## Work order:
From the line containing "2294x1288 Clipart" to the line containing "Gallipoli bronze memorial statue" in the records below, set down every line exactly as it stands, both ends included, and skip the pictures.

## Dataset excerpts:
○ ○ ○ ○ ○
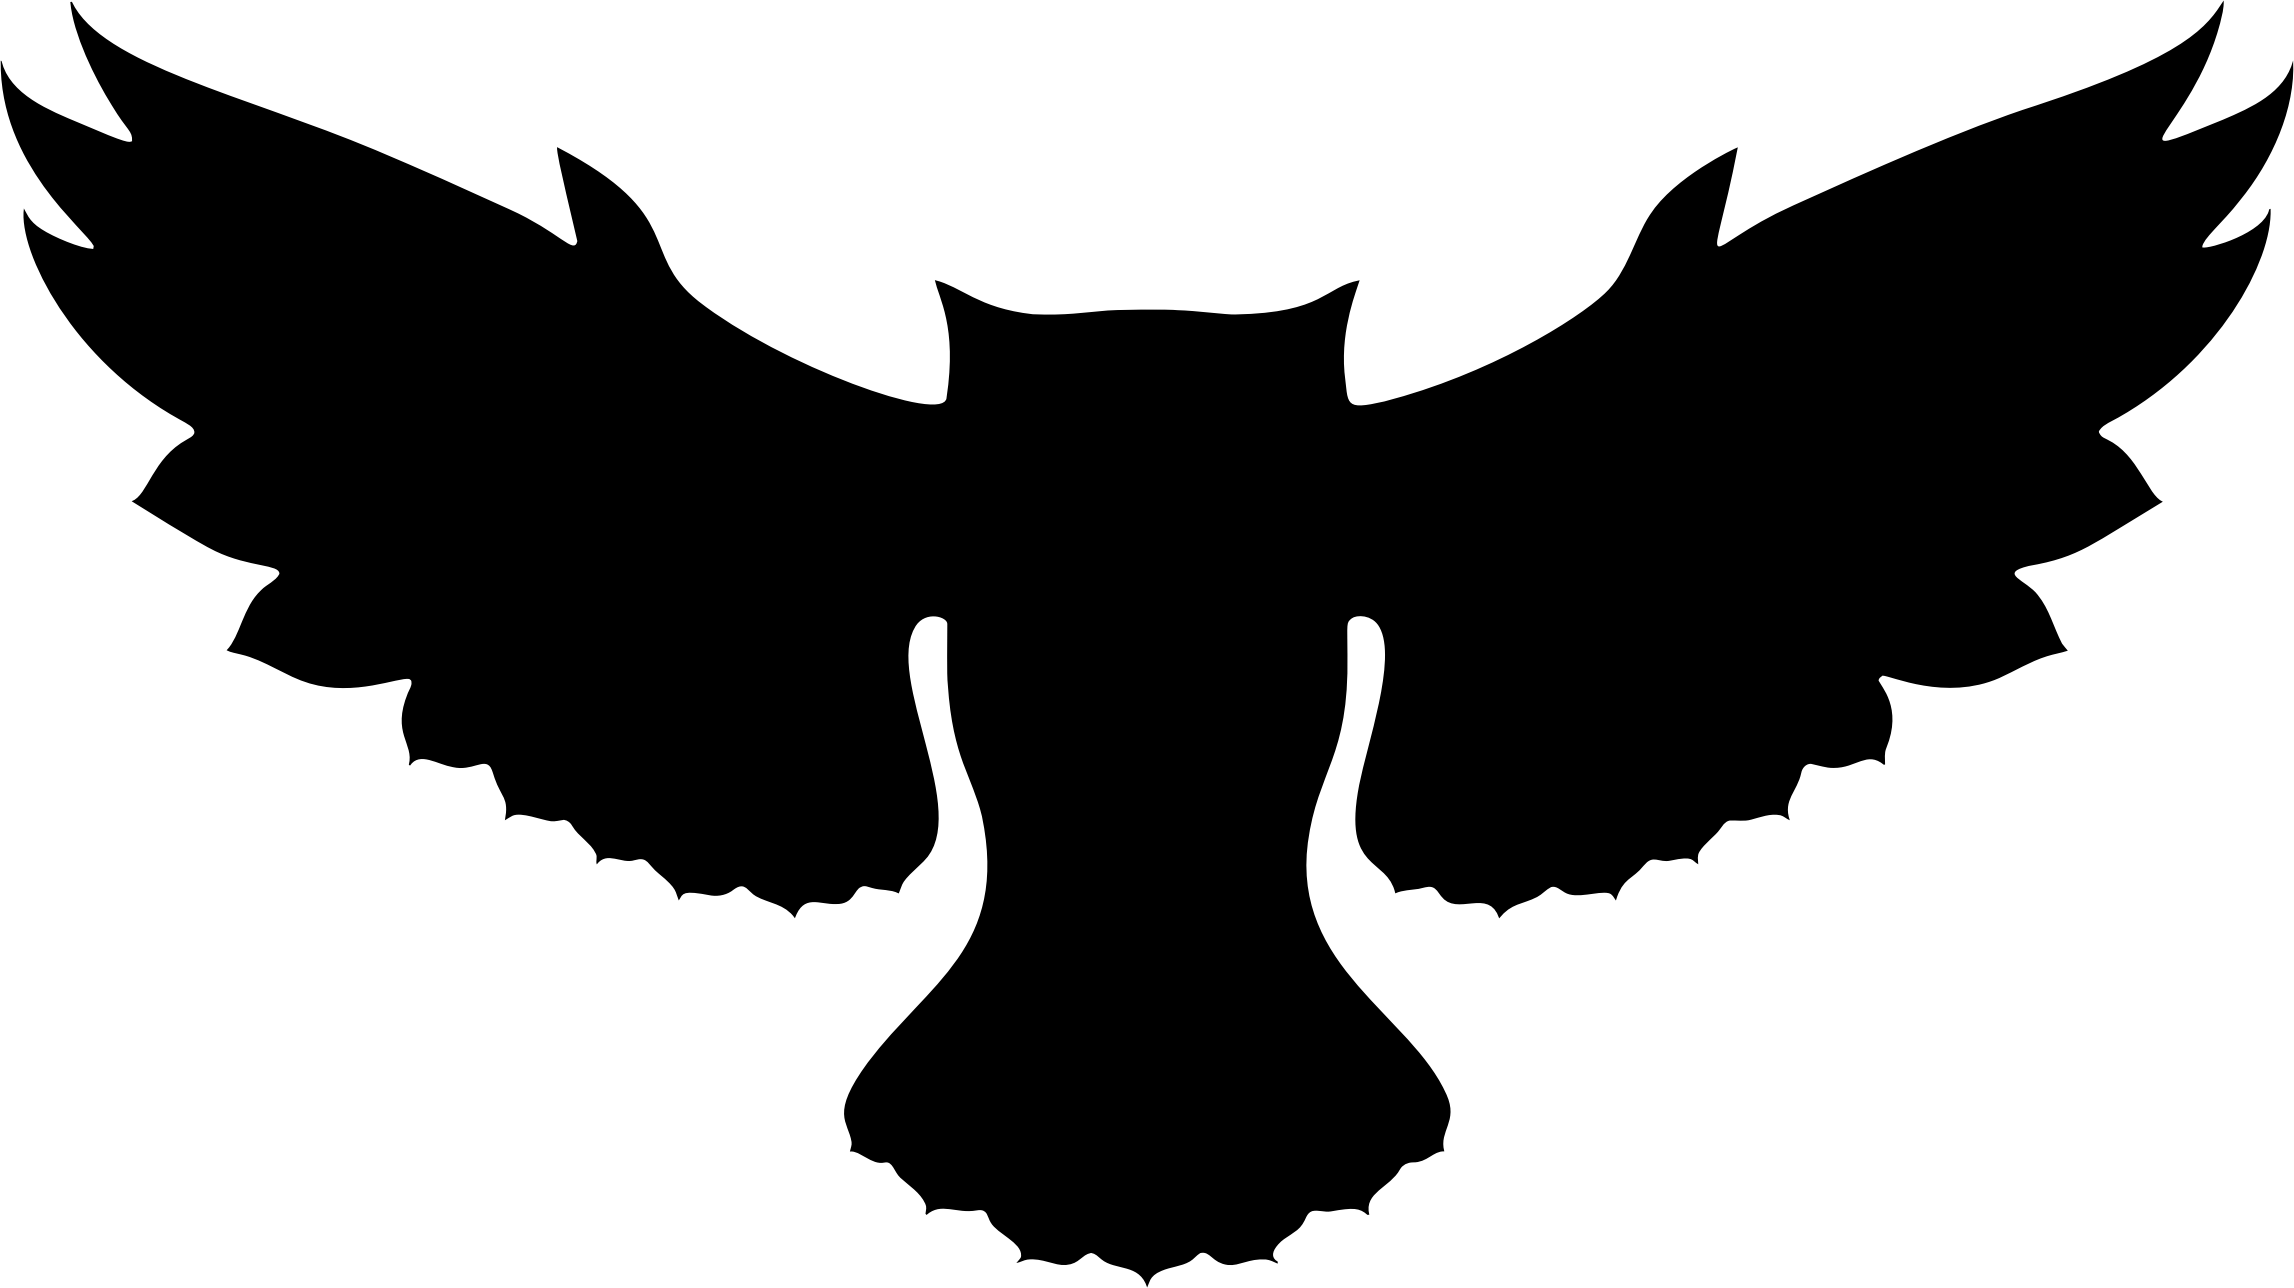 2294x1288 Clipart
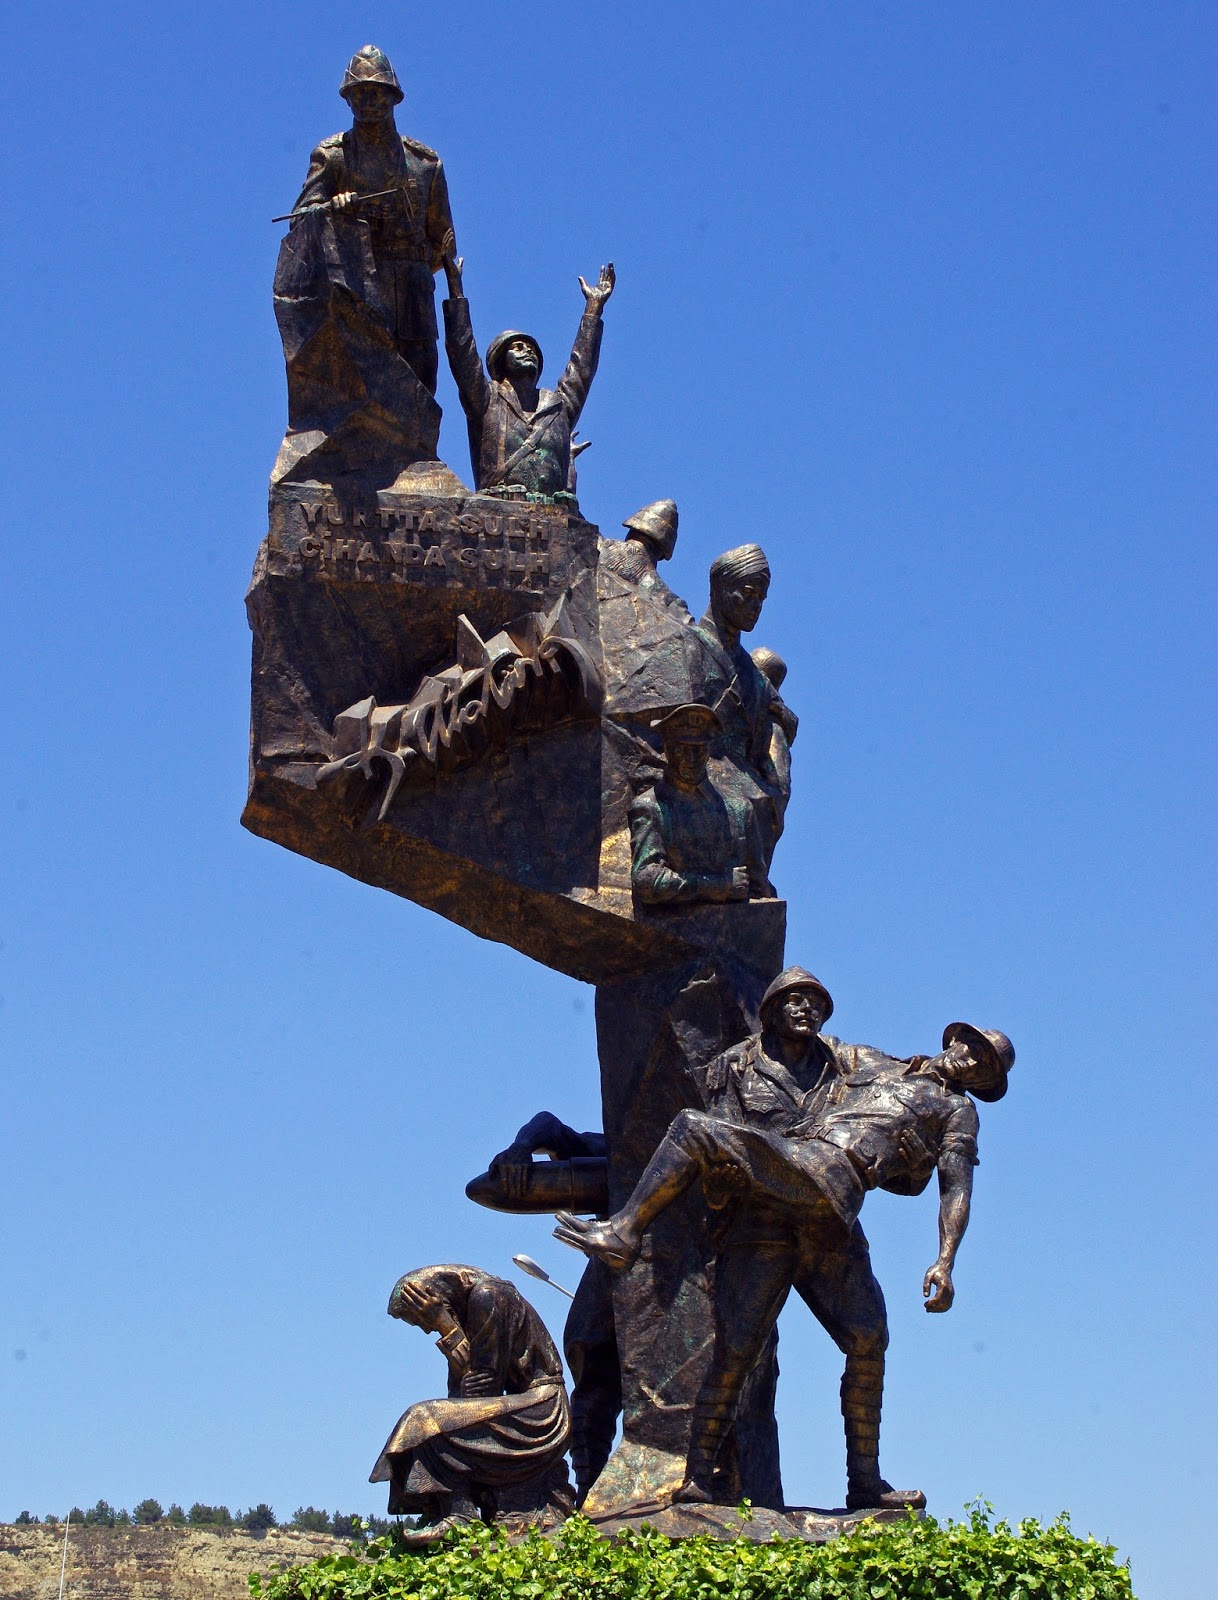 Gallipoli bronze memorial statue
○ ○ ○ ○ ○
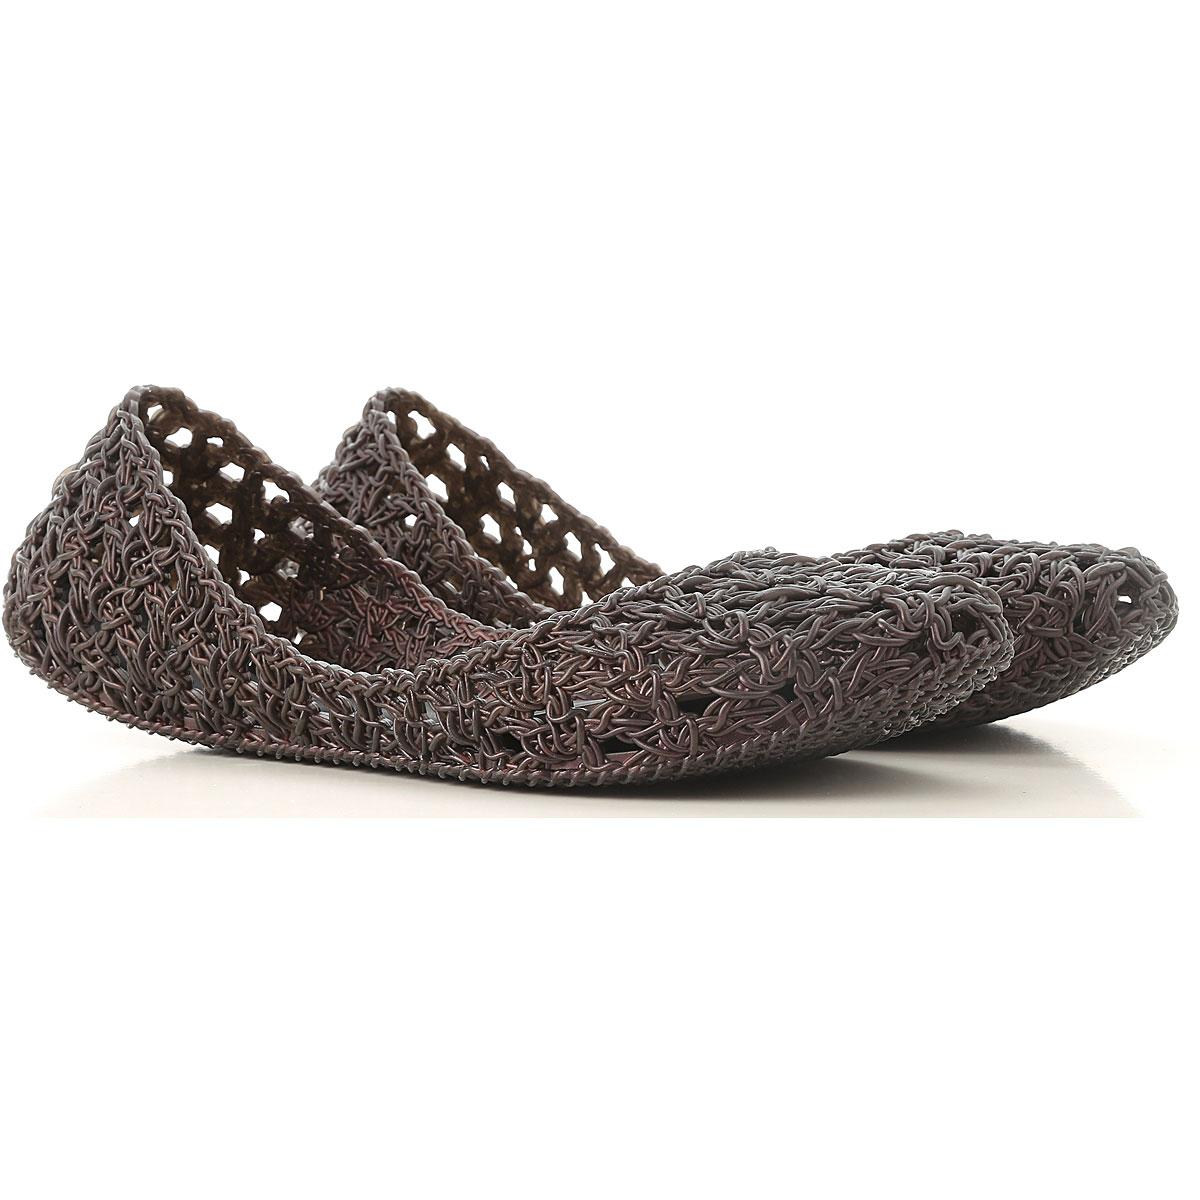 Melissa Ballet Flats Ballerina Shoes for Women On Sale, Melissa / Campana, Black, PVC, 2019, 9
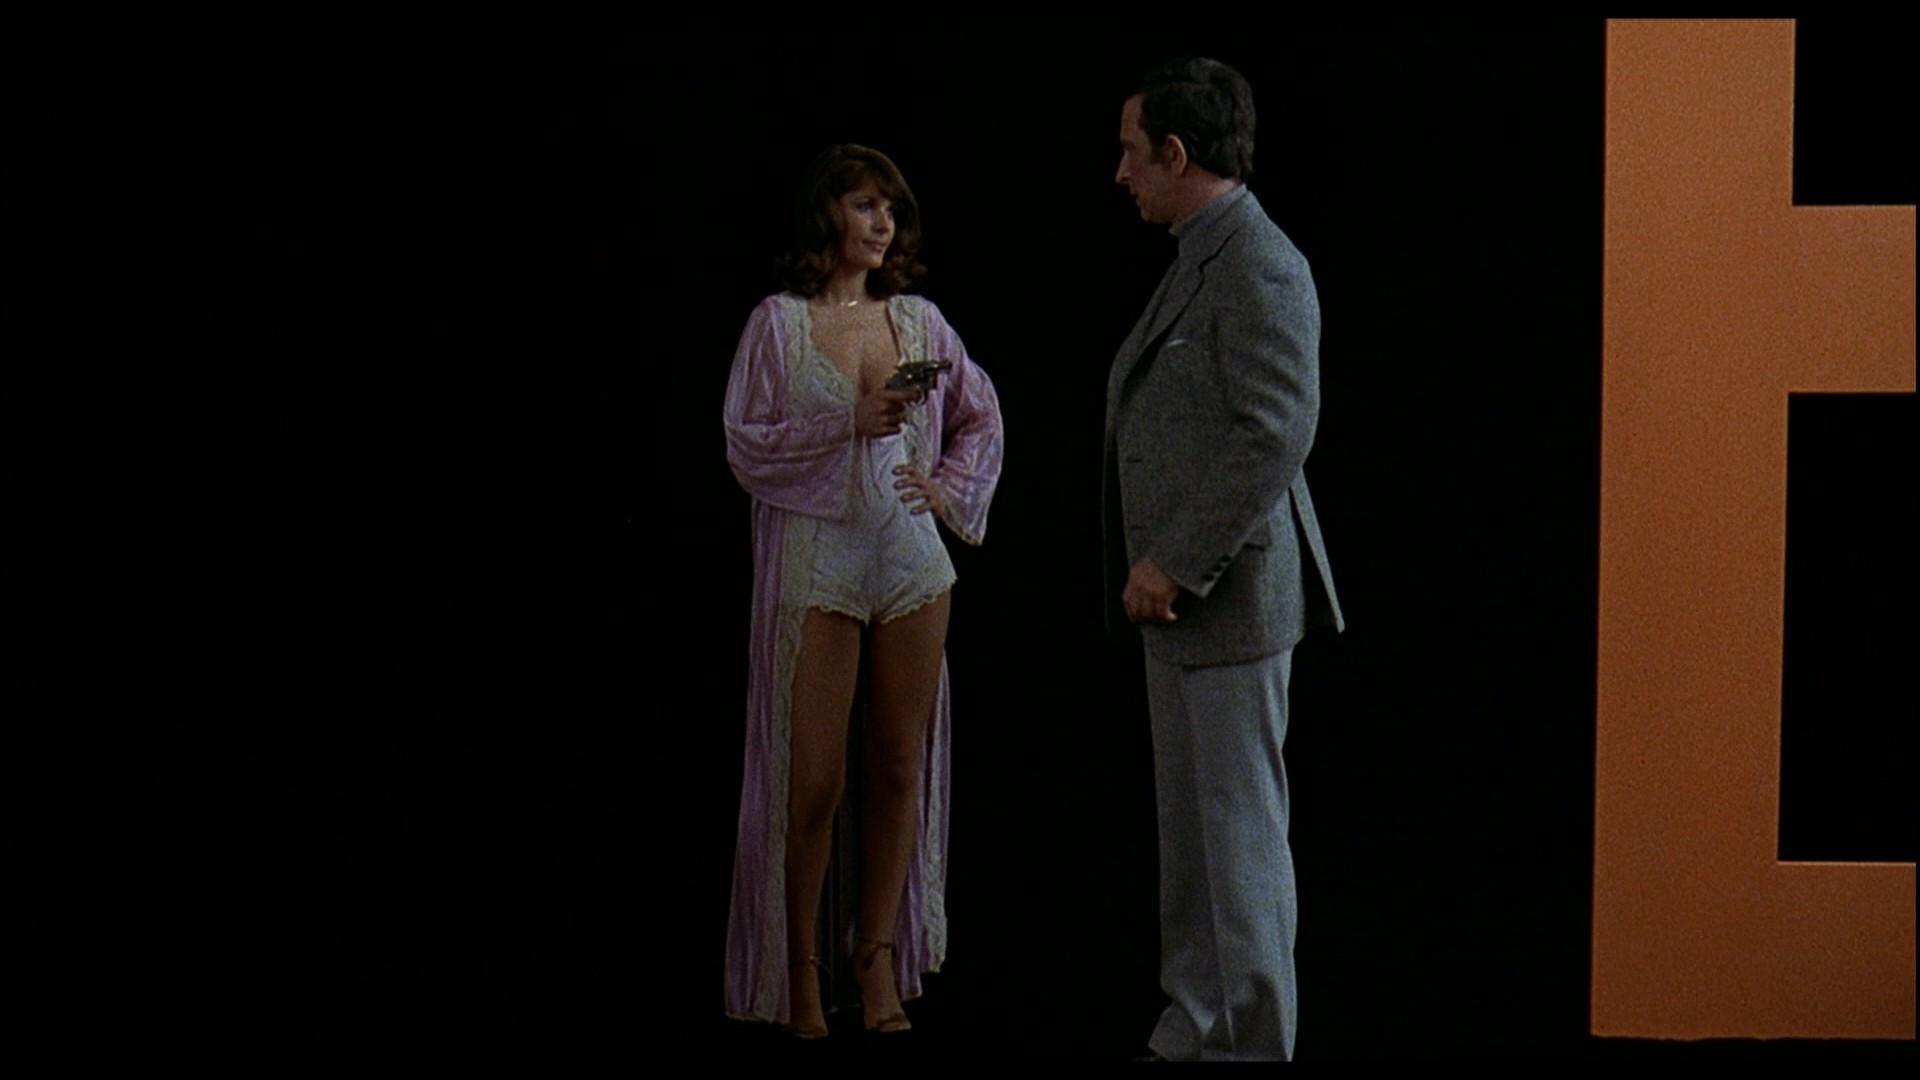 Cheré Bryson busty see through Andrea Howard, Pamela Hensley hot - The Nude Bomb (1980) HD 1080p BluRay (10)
○ ○ ○ ○ ○
## Reply to the exercise:
 2294x1288 Clipart
 Gallipoli bronze memorial statue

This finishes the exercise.